### DATASET SECTION
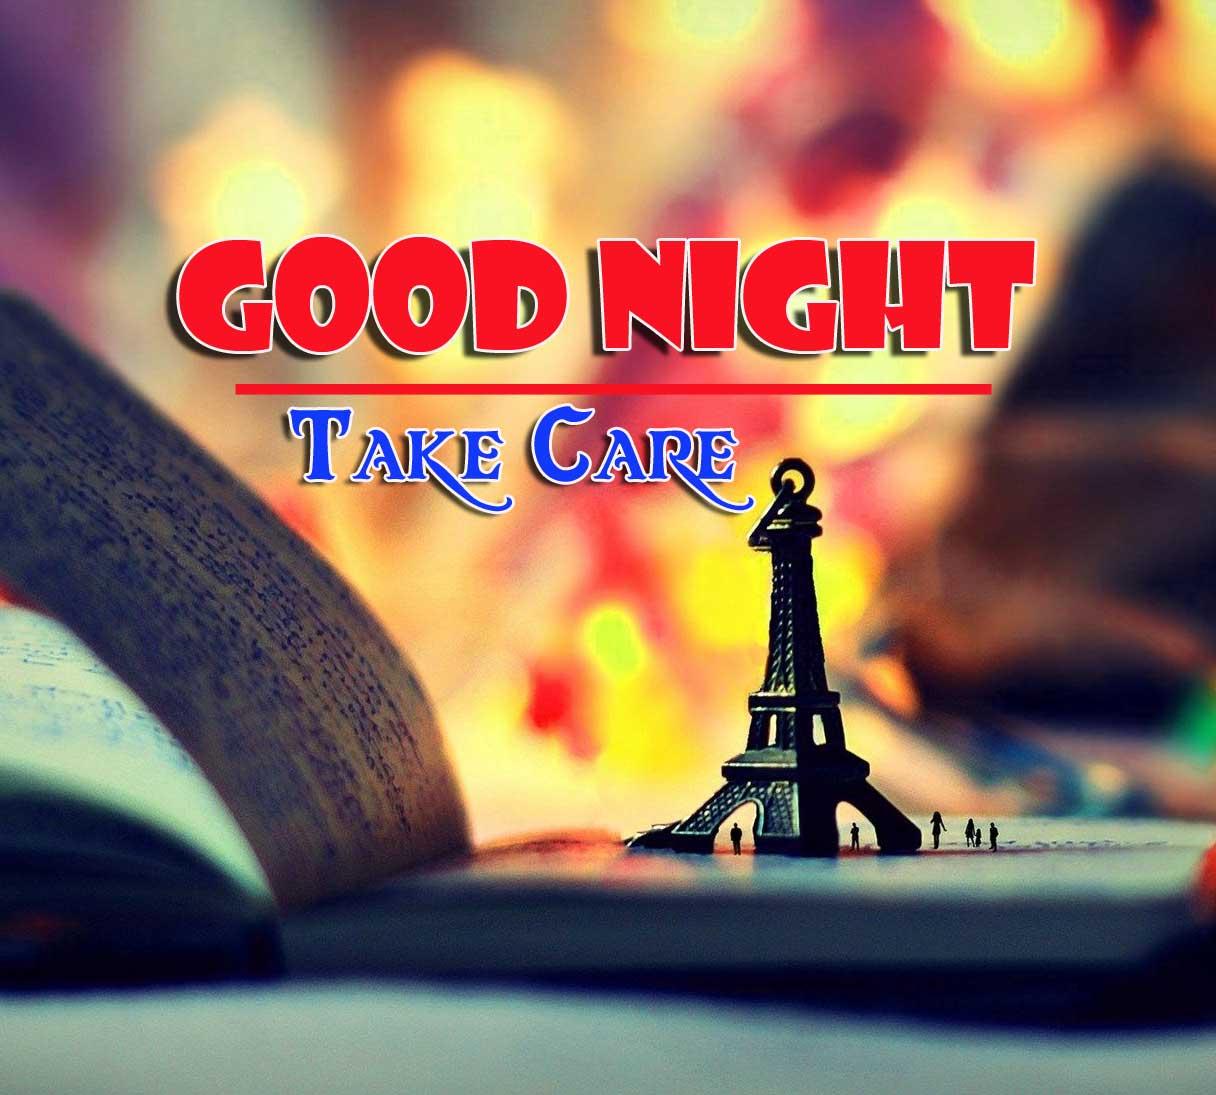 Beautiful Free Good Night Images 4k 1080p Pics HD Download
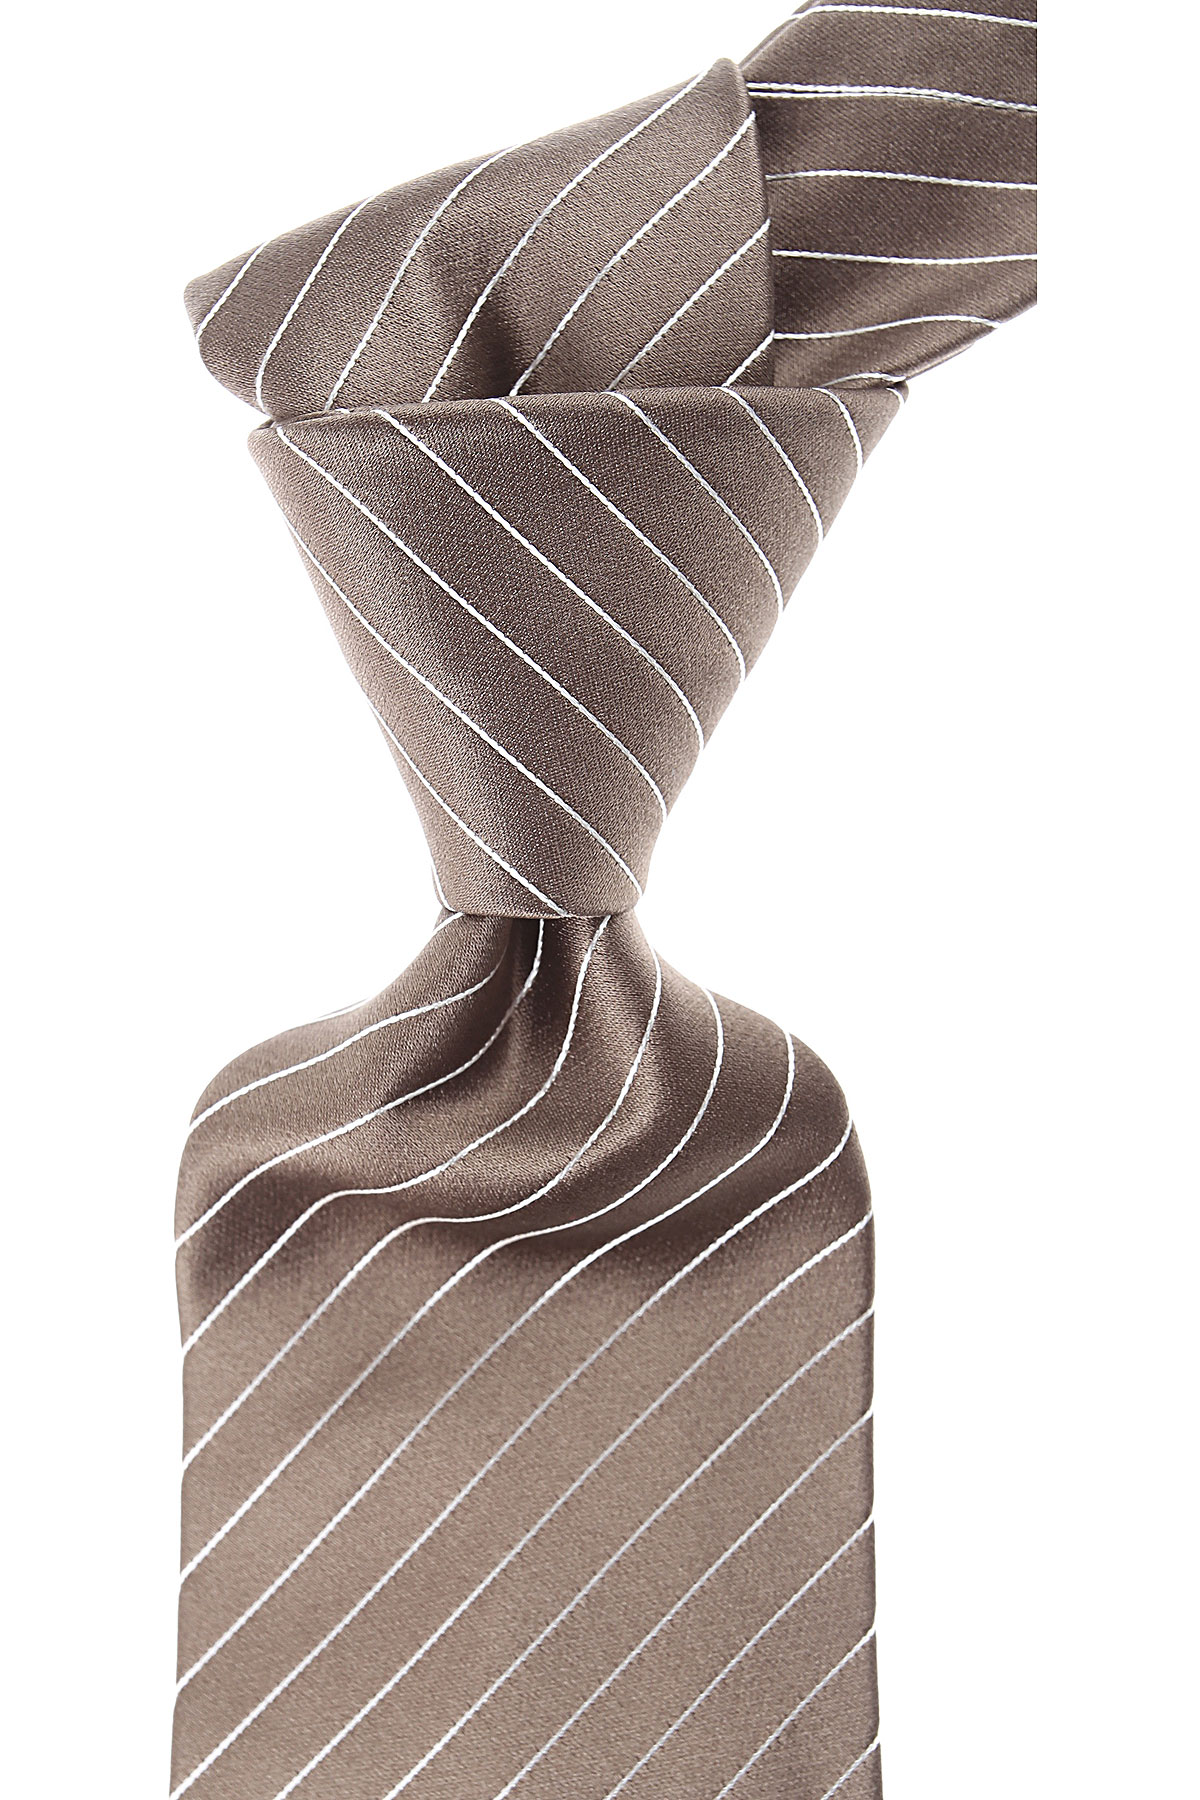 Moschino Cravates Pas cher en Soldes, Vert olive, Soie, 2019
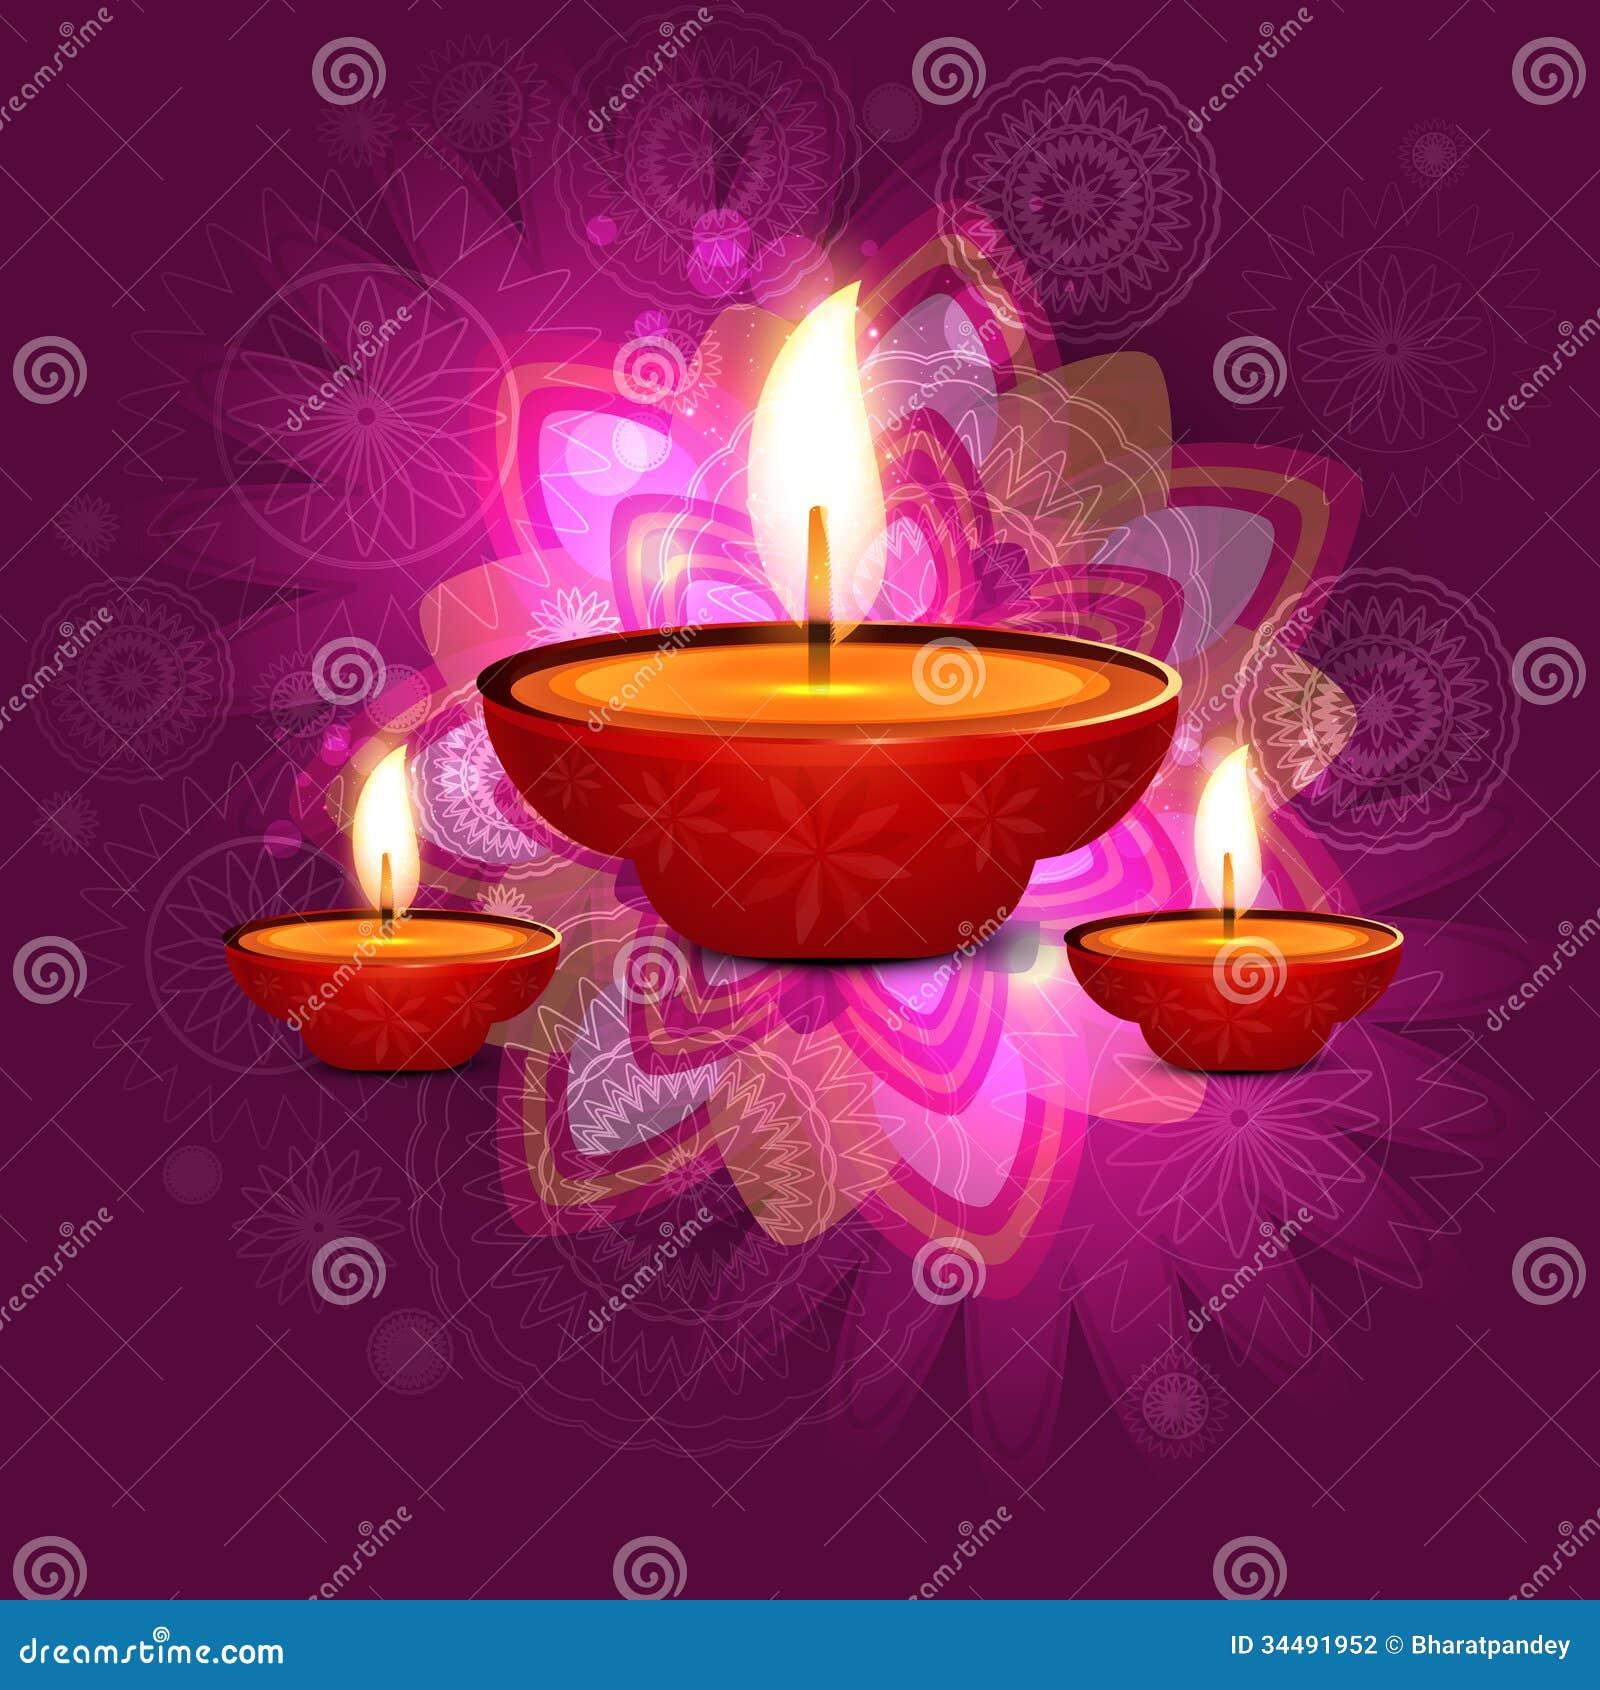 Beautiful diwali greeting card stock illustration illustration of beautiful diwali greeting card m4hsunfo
######
## AIM OF THE TASK
Everything in the listing should be repeated exactly except the pictures.

## REPLY TO THE EXERCISE
 Beautiful Free Good Night Images 4k 1080p Pics HD Download
 Moschino Cravates Pas cher en Soldes, Vert olive, Soie, 2019
 Beautiful diwali greeting card stock illustration illustration of beautiful diwali greeting card m4hsunfo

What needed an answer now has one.